Currently, a time machine cannot yet be store-bought, but it is something that can be considered, which some physicists do in all seriousness, or, in the words of New Scientist journalist Leah Crane, the ideas that are currently popular among physicists about how to travel through time could, after careful consideration, be divided into three principal ideas. The first would be to use the classic ‘warp drive’. According to this idea, we could sit in some sort of a bubble that warps the universe and time before and after the bubble. As one moves with the bubble, the fabric of the universe, called ‘spacetime’, literally moves with them. Since this way one is not really moving, this would allow one to bypass the speed limit in the universe, which is of course the speed of light, and travel back in time. The only problem is that this process requires a huge amount of negative energy, which is something we can already generate now, but in extremely small quantities.

Another idea is to create a massive laser light ring, and as this huge ring rotates, it literally pulls time behind it. This produces a time loop that allows time travel. The problem with this is that we would need a ring the size of a galaxy for it, which is not (yet) feasible. As she says, the most ‘feasible’ method with the knowledge we have today is one that takes into account quantum mechanics. This allows us to send very, very small particles back in time. This means that with this method, time travel is not yet possible for humans, but we could send a message back in time, or change something extremely small in the past, which would subsequently, through the ‘snowball effect’, result in a visible change today. So it seems that we won’t be travelling back and forth into the past and the future just yet. But who knows what the future may bring …

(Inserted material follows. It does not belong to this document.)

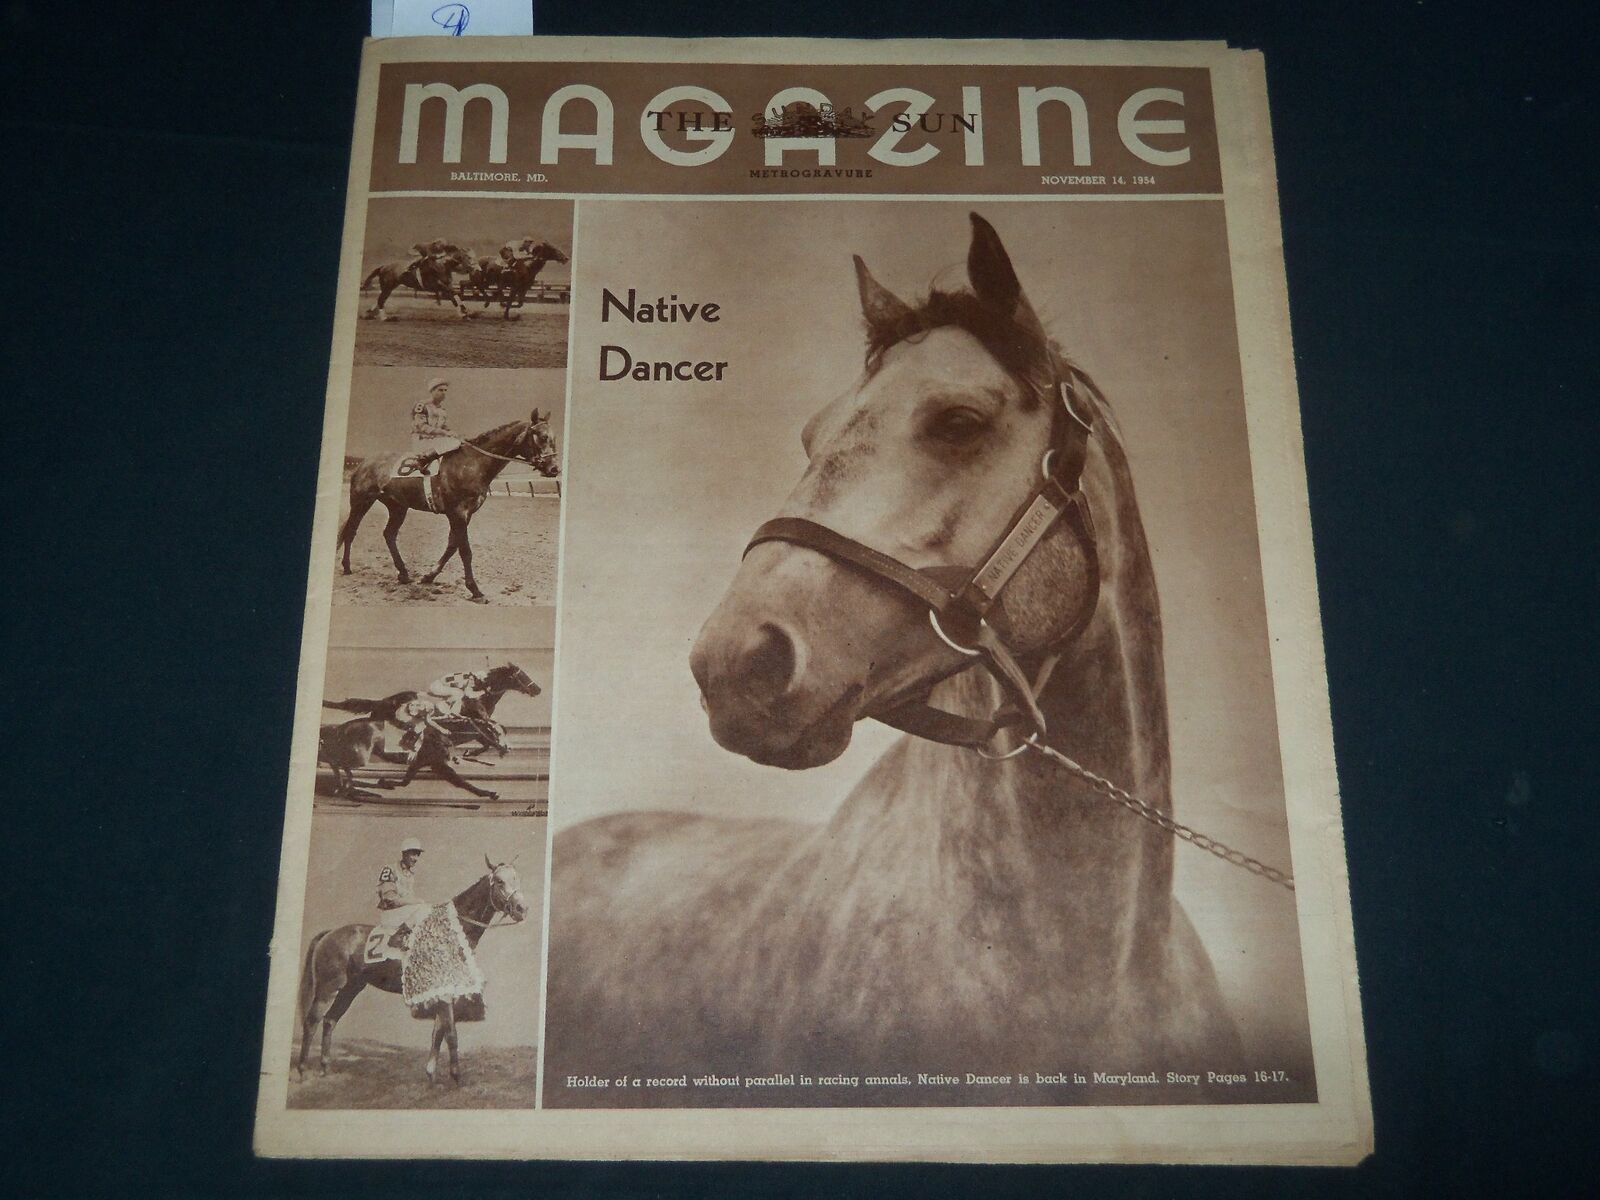 1954 NOVEMBER 14 BALTIMORE SUN MAGAZINE SECTION - NATIVE DANCER COVER - NP 3781
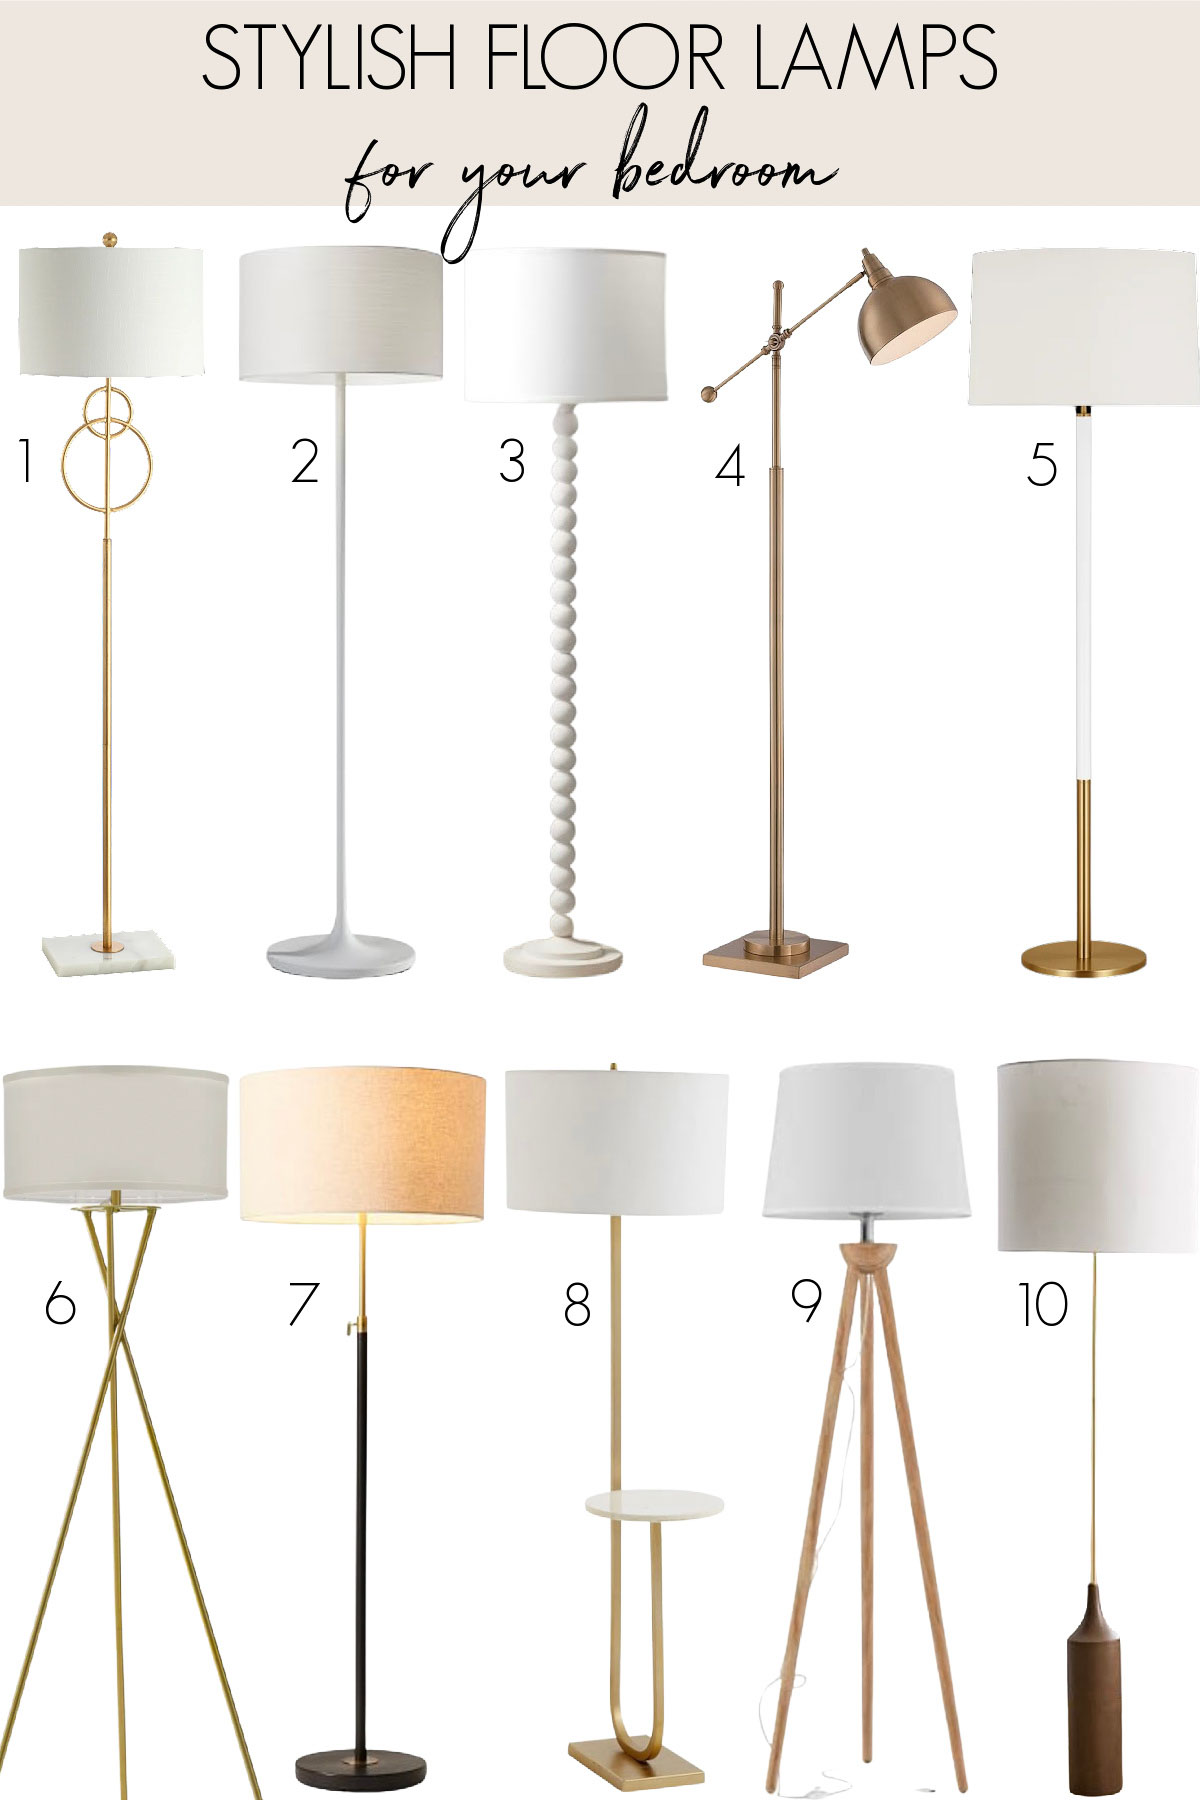 Ten stylish bedroom floor lamps

On the end, I should mention a thing or two about the end of time itself, or as one of the most famous science communicators and theoretical physicists at the moment, the Englishman Brian Cox, put it– Let us say that you somehow manage to get over the edge of the black hole that we call the horizon and, because there is no other way, you move inexorably towards the very centre. Towards that centre, which as yet no physicist actually knows what it is, but which we still have a name for, and we simply call it singularity. So, taken Einstein’s theory, which has so far worked brilliantly for such problems, this is a point in the Universe that is almost infinitely small and dense, and where everything in the Universe is ‘mixed up’. And so this is a point where even time no longer exists, and which, according to Einstein’s calculations, can be downright called the ‘end of time’.
Andraž Ivšek
Ljubljana, 13. 01. 2025
The article “The time in Enstein’s theory and traces of that time in eastern and western literature” was presented on the The second Slovenian-Indian Day of Science and Innovation on 16 January 2025 in The Crystal Palace BTC, Ljubljana.